A Guide to Aspect-Based Sentiment Analysis With GPT and BERT
Explore rapid prototyping with GPT and custom BERT fine-tuning to extract targeted sentiment insights for nuanced text analysis and business applications.
Join the DZone community and get the full member experience.
Join For FreeAspect-based sentiment analysis (ABSA) focuses on determining the sentiment (positive, negative, or neutral) associated with a specific aspect of a text. For example, in the sentence "The battery life is nice, but the screen is dim," ABSA helps identify that the sentiment toward the "battery life" is positive, while the sentiment toward the "screen" is negative.
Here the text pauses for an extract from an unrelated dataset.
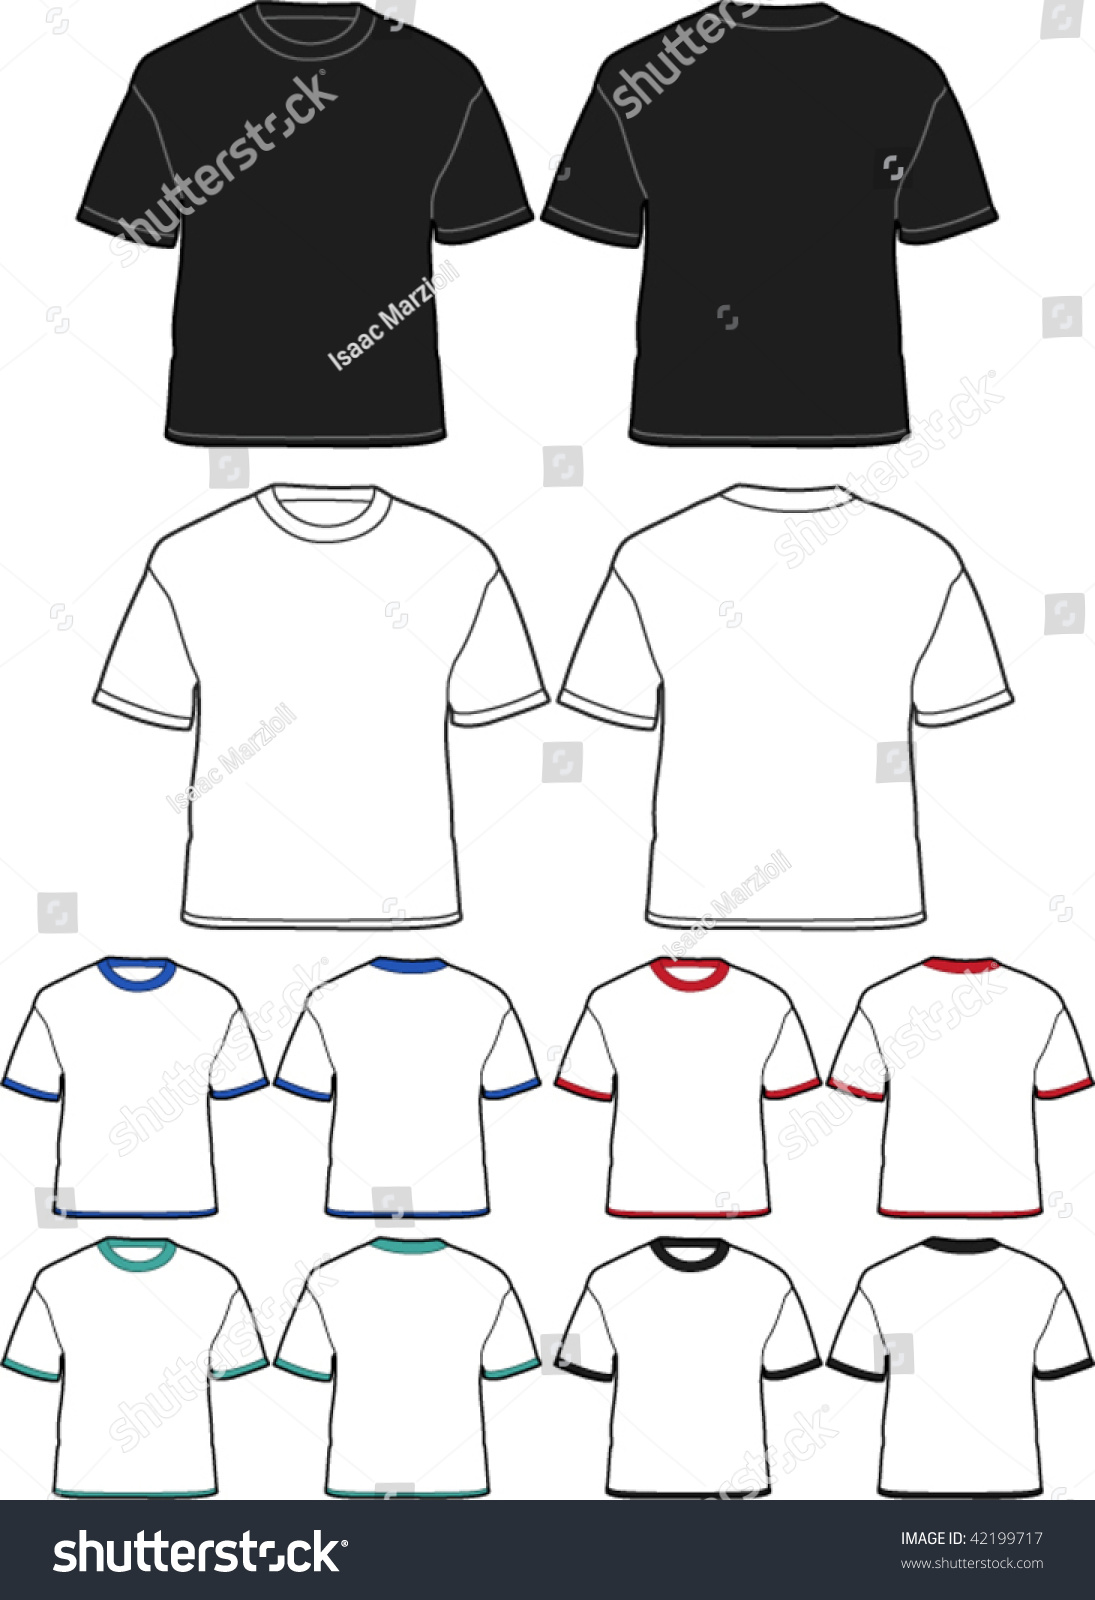 T-Shirt Template - Front And Back - Vector Illustrations - 42199717 ...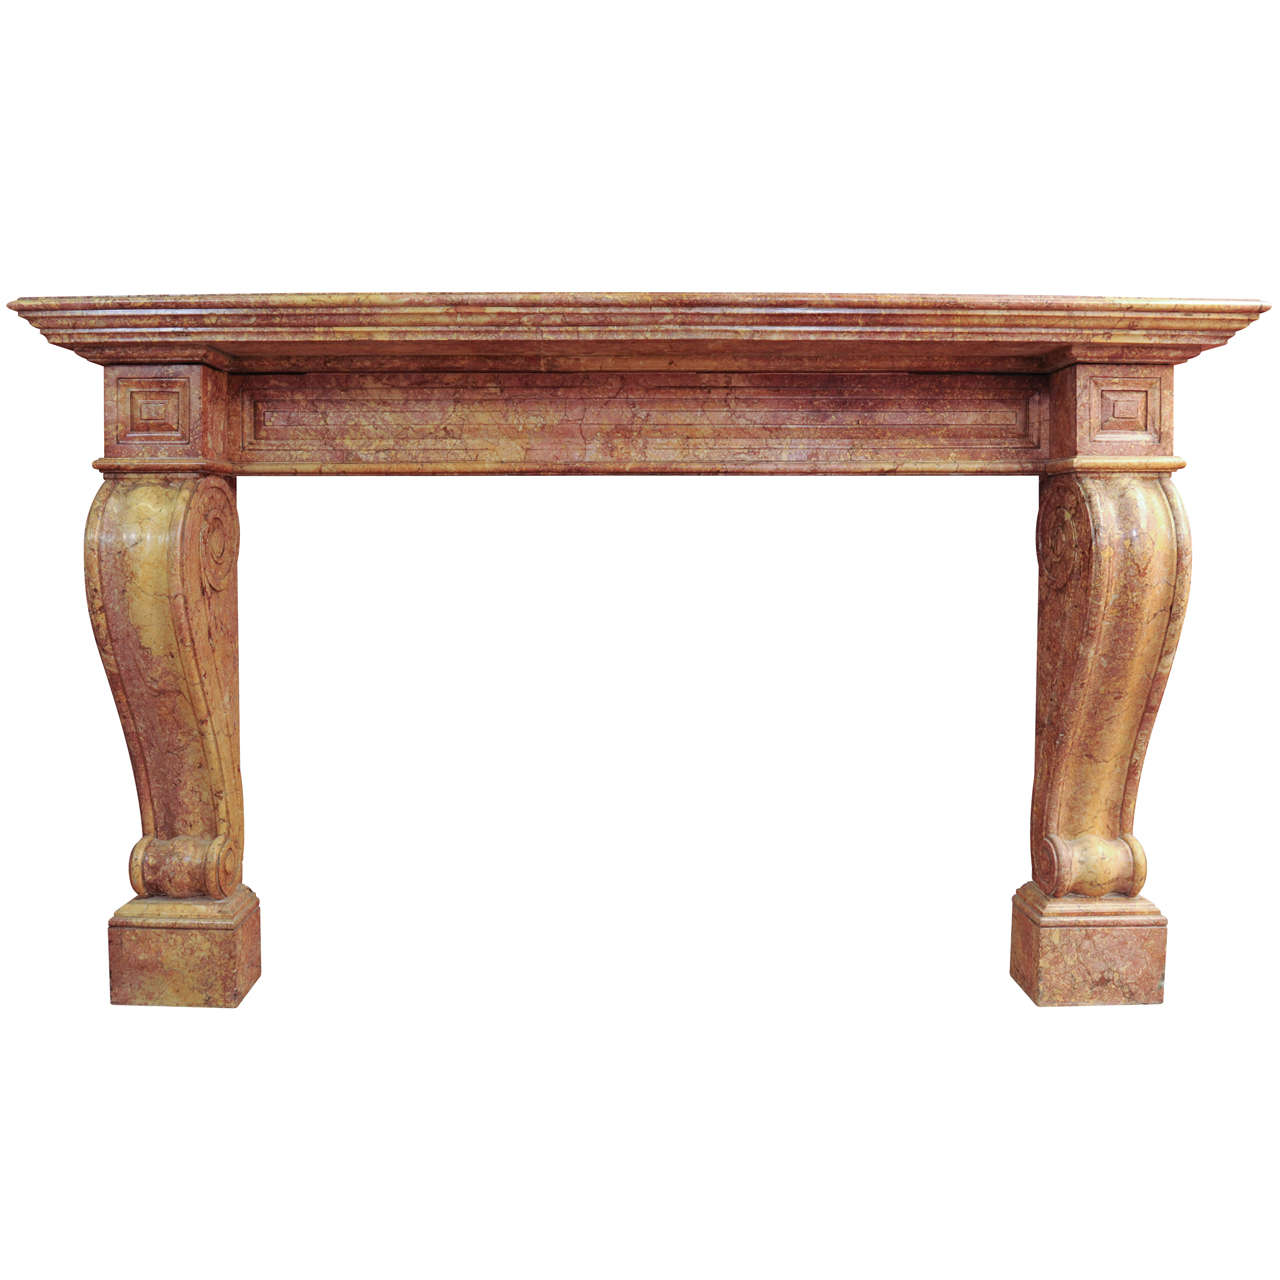 A 19th century French Empire marble fireplace / mantel piece, circa 1820

This capability is crucial for businesses to gain nuanced insights from customer feedback, product reviews, and social media.
ABSA is particularly useful for businesses and researchers to gain granular insights into user feedback, such as identifying how customers perceive different product features or services. It has applications in:
- E-commerce: Analyzing product reviews to identify customer satisfaction with specific features.
- Customer Support: Extracting actionable insights from feedback or complaints.
- Social Media Monitoring: Understanding public sentiment on particular aspects of a topic or event.
Approach 1: Using OpenAI's GPT API
This approach leverages OpenAI's GPT, a cutting-edge language model capable of performing sophisticated NLP tasks. By crafting prompts, we can instruct GPT to focus on specific aspects of a sentence and classify its sentiment. This approach is excellent for rapid prototyping, especially if you're new to sentiment analysis or lack labeled data.
Why Choose GPT for ABSA?
- Ease of use: Minimal coding required; no need to collect or prepare large datasets.
- High accuracy: Benefiting from pre-trained GPT models capable of understanding complex language nuances.
- Flexible applications: Ideal for scenarios where quick insights are needed without building a full-fledged machine learning model.
Prerequisites
- Python installed: Ensure Python 3.7 or later is installed.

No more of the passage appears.